Although McCarthy contextualizes his book in a new strand of criticism that addresses law and literature as, in Richard Firth Green's words, "parallel forms of discourse," (3) at times the book seems located in another strand of legal and literary studies described by Green: one that seeks to identify legal practices in literary texts. Literary analysis tends to occur in the second part of each chapter, where literature is shown to illustrate the tensions in medieval marriage laws and theology laid out in the first portion. Literary representations of marriage in this book are thus depicted primarily as reflecting existing theology and law (however contradictory) rather than doing their own ideological work.
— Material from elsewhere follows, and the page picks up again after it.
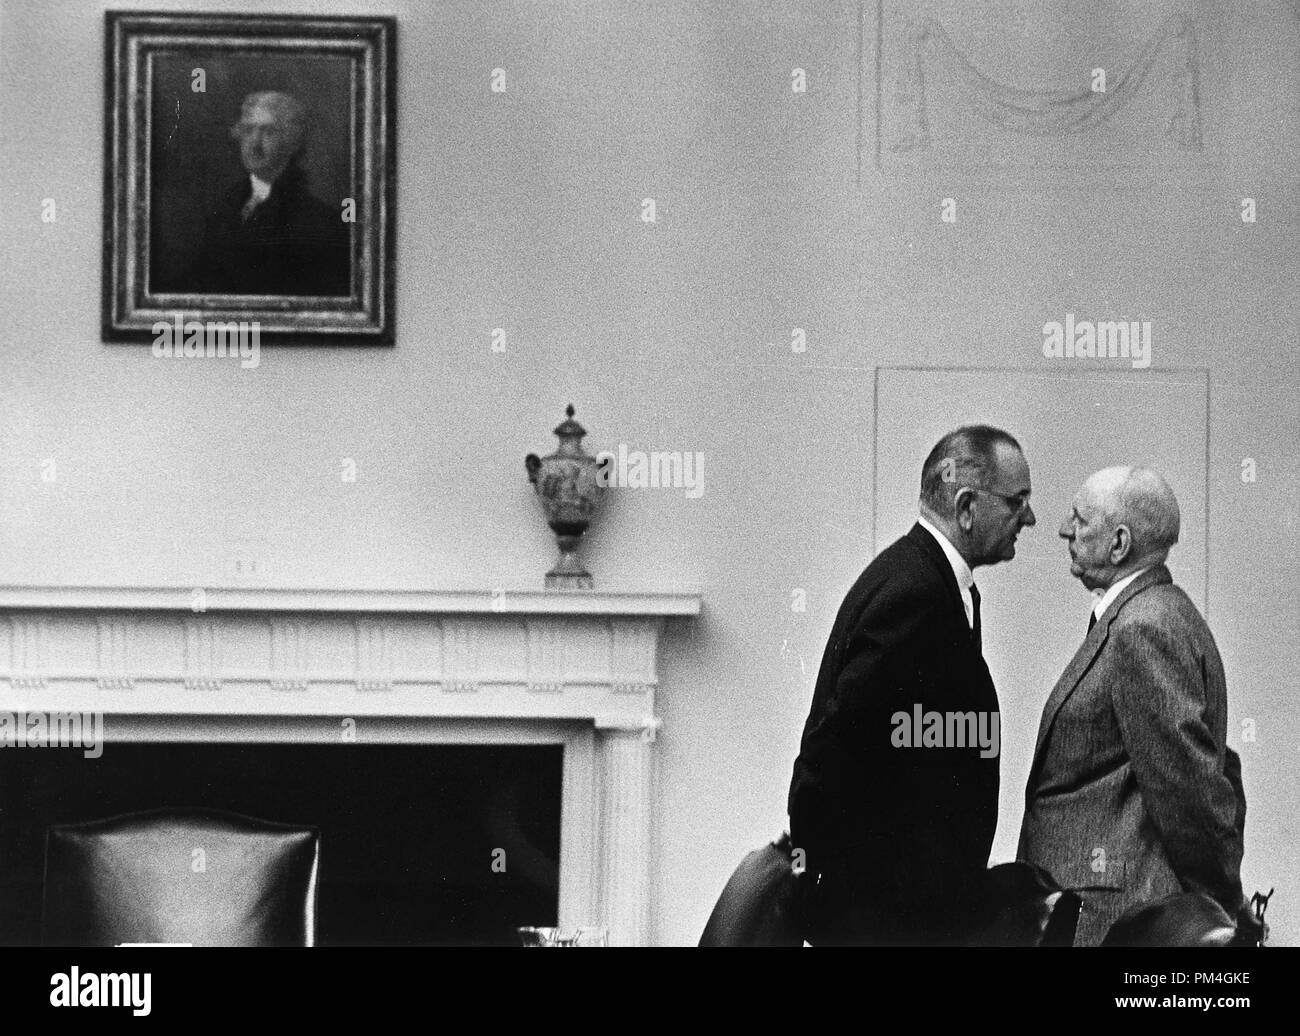 Präsident Lyndon Johnson mit Senator Richard Russell im Weißen Haus, Dezember 7, 1963, Washington, DC. Datei Referenz Nr. 1003 046 THA Stockfoto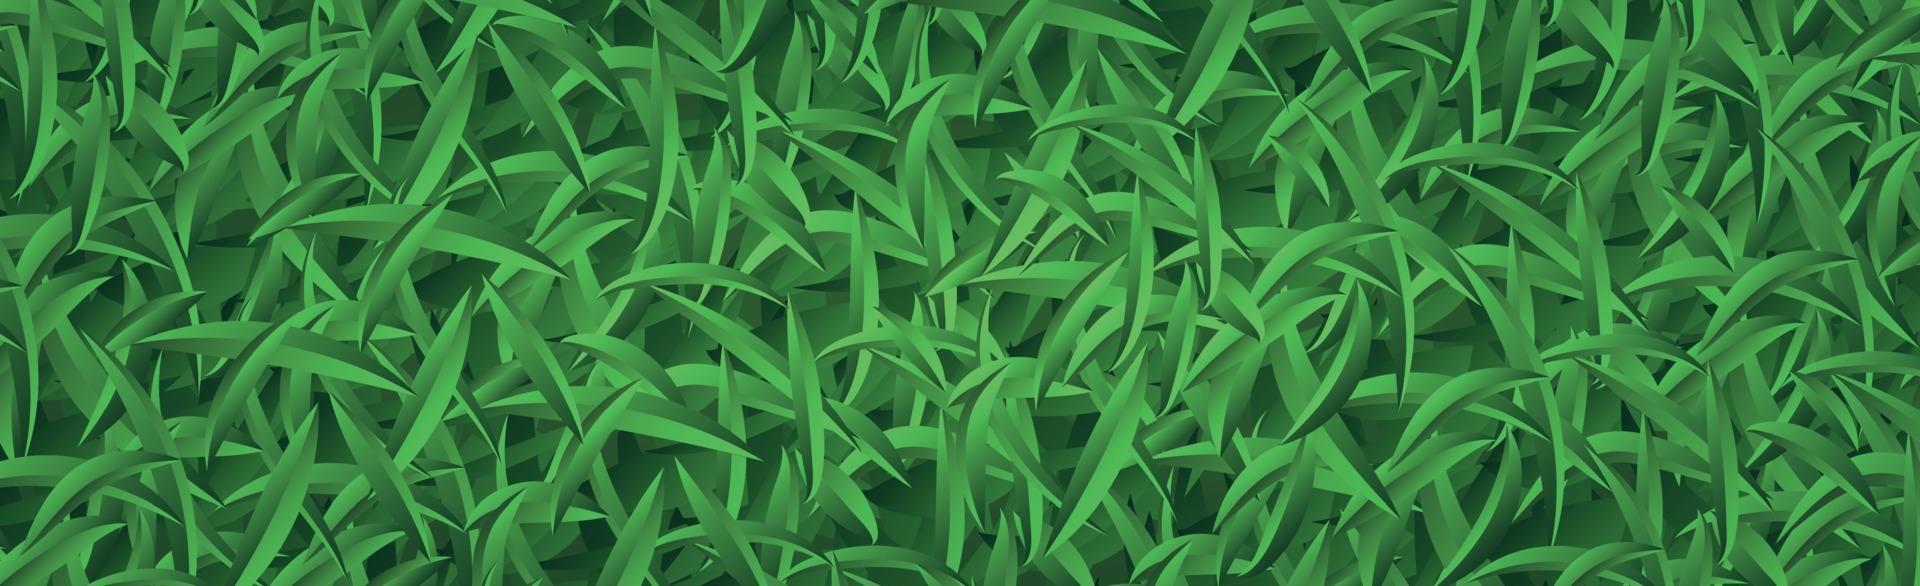 herbe verte lumineuse réaliste, fond de pelouse - vecteur

McCarthy does, however, invoke the classic Althusserian notion of ideology in the introduction as "the imaginary relationship of individuals to their real conditions of existence" (4). From this notion McCarthy makes the convincing assertion that ideology influences practice, but he also collapses the distinction between ideology and practice, asserting that "ideologies are ideas which are expressed through actual material practices" (4). A sharper distinction between ideology and practice might also have been productive in Chapter 5 where McCarthy argues that Church teachings on marital sex (manifested in such prescriptive genres as theology and penitentials) can be taken as unproblematic evidence "about the nature of ecclesiastical intervention and about actual practice" (107). Although McCarthy is careful to indicate his intention is "not to argue against the existence of historical change in medieval thinking about marriage," (159) in practice his decision to move between Anglo-Saxon and late medieval materials within each chapter limits his ability to tie shifting marital ideology to changing social and political contexts. Nonetheless, this structure succeeds in highlighting "continuities in thinking about marriage," as McCarthy suggests.

Marriage in Medieval England is an ambitious, careful and well-researched account that introduces a new level of juridical subtlety to the analysis of a wide range of medieval marriage texts and provides an insightful characterization of specific tensions within marriage laws and theology. This book will also be a useful guide for those seeking a manageably brief overview of the broad and fast-growing multidisciplinary scholarship on the law, theology and literature of medieval marriage.